On the basis of the diagnosis of T. whipplei infection, the patient was given doxycycline (100 mg 2×/d) and hydroxychloroquine (200 mg 2×/d) orally for >1 year starting in January 2021. Six months later, the subcutaneous nodules on the waist were not palpated, and no other new subcutaneous nodules were observed. The patient remains free of relapse.
Whipple disease is a rare infectious disease. Nearly 80% of patients had arthralgia and digestive disorders before they were given a diagnosis (3). Skin lesions in this disease are infrequent. Erythema nodosum‒like lesions are specific manifestations in patients with T. whipplei infection because of the response to the immune reconstitution inflammatory reaction after initial of antimicrobial drug therapy (4). Our patient had multiple subcutaneous nodules and was not given any antimicrobial drugs before diagnosis. Therefore, the multiple subcutaneous nodules were considered to be primary skin lesions.
To further evaluate whether the infection affected the intestine, the patient underwent enteroscopy. Results of enteroscopy showed that there was no infection in the intestine. Symptoms was not consistent with the typical symptoms of T. whipplei infection and complicated the diagnosis.

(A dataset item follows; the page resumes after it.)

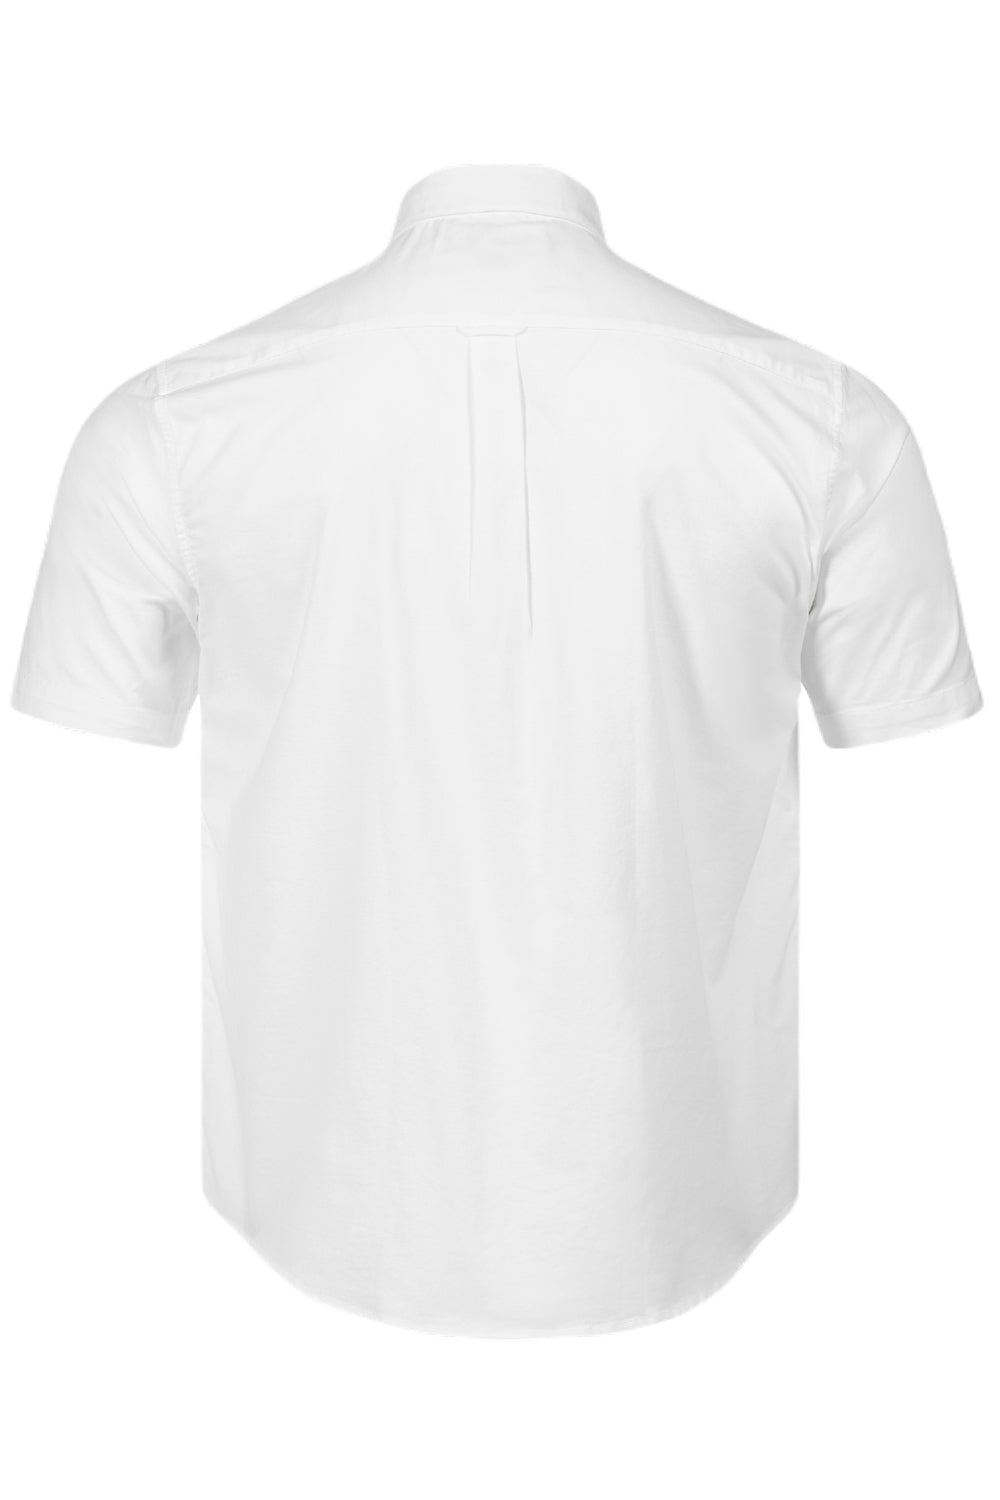 Musto Men Essential Short Sleeve Oxford Shirt in White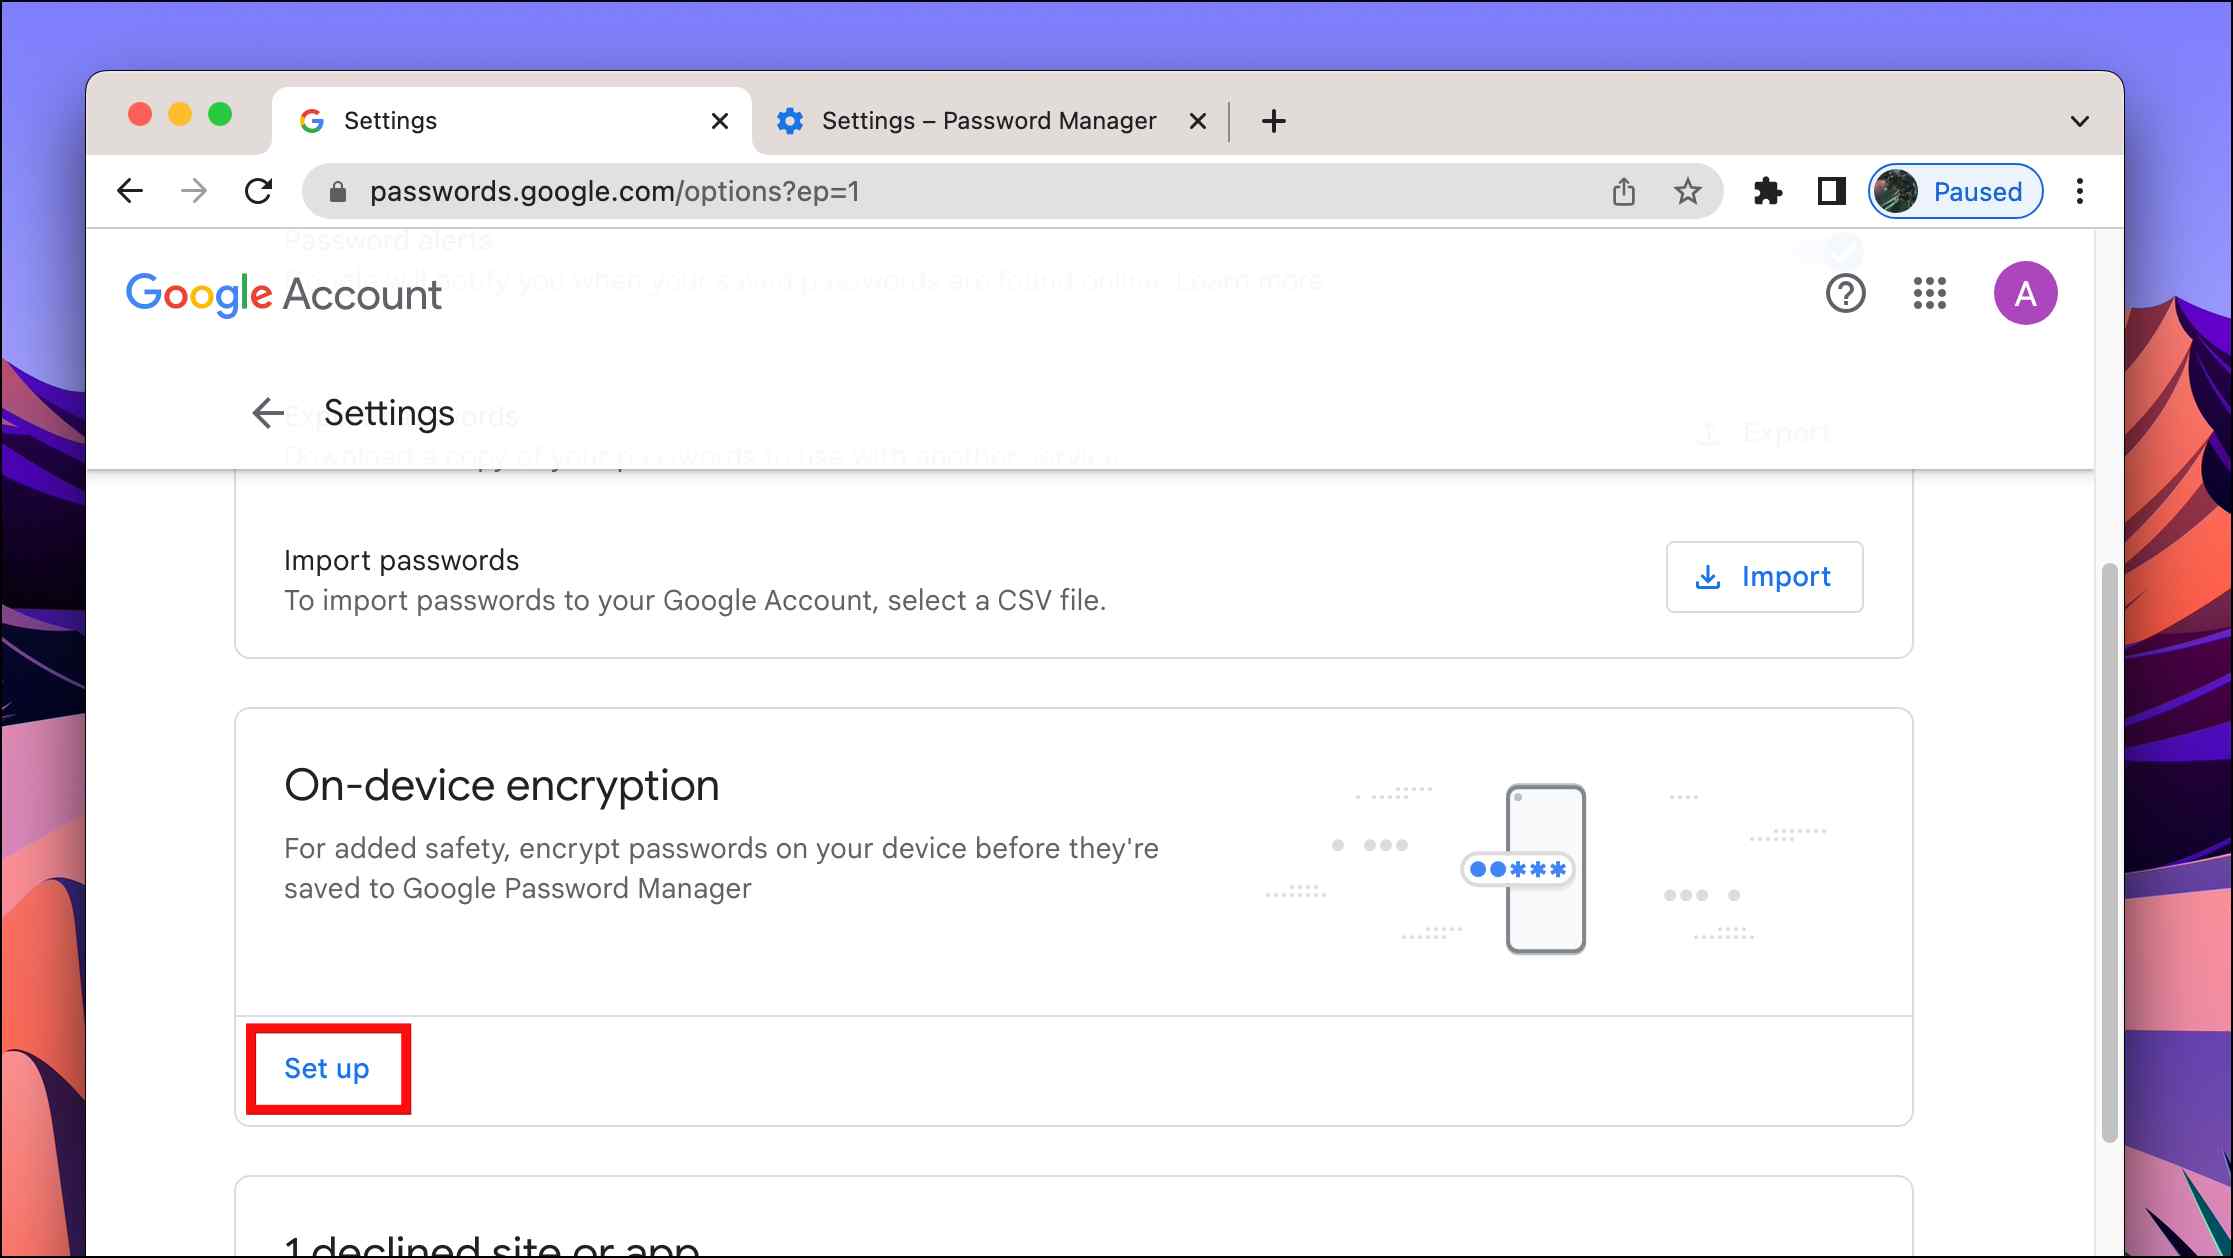 Google Passwords On Device Encryption PC

Although metagenome sequencing results positive for T. whipplei infection are not the standard for diagnosis, this technology provided clues and improved the diagnosis. Specific PAS staining for T. whipplei further confirmed the result of metagenome sequencing.
On the basis of the diagnosis, we discontinued treatment with doxycycline and trimethoprim/sulfamethoxazole because of inactivity of trimethoprim and acquired resistance to sulfamethoxazole for T. whipplei infection (5). The patient was then given doxycycline and hydroxychloroquine and showed satisfactory results. However, a long-term therapeutic course and close follow-up are essential to avoid relapses and reinfection.
Whipple disease has been rarely reported in China. The few reports involved the central nervous system and respiratory system (6,7). Our report demonstrates a patient who had T. whipplei infection and multiple subcutaneous nodules as the initial and single symptom. Currently, treatment and follow-up are ongoing, and the therapeutic effect is satisfactory. However, lifetime susceptibility and high relapse rate pose a challenge to treatment. We hope to increase the understanding of Whipple disease through the diagnosis and treatment for this case-patient.
Dr. Wang is a clinical laboratory technician at Shandong University, Shandong, China. Her primary research interest is etiologic diagnosis of infectious diseases.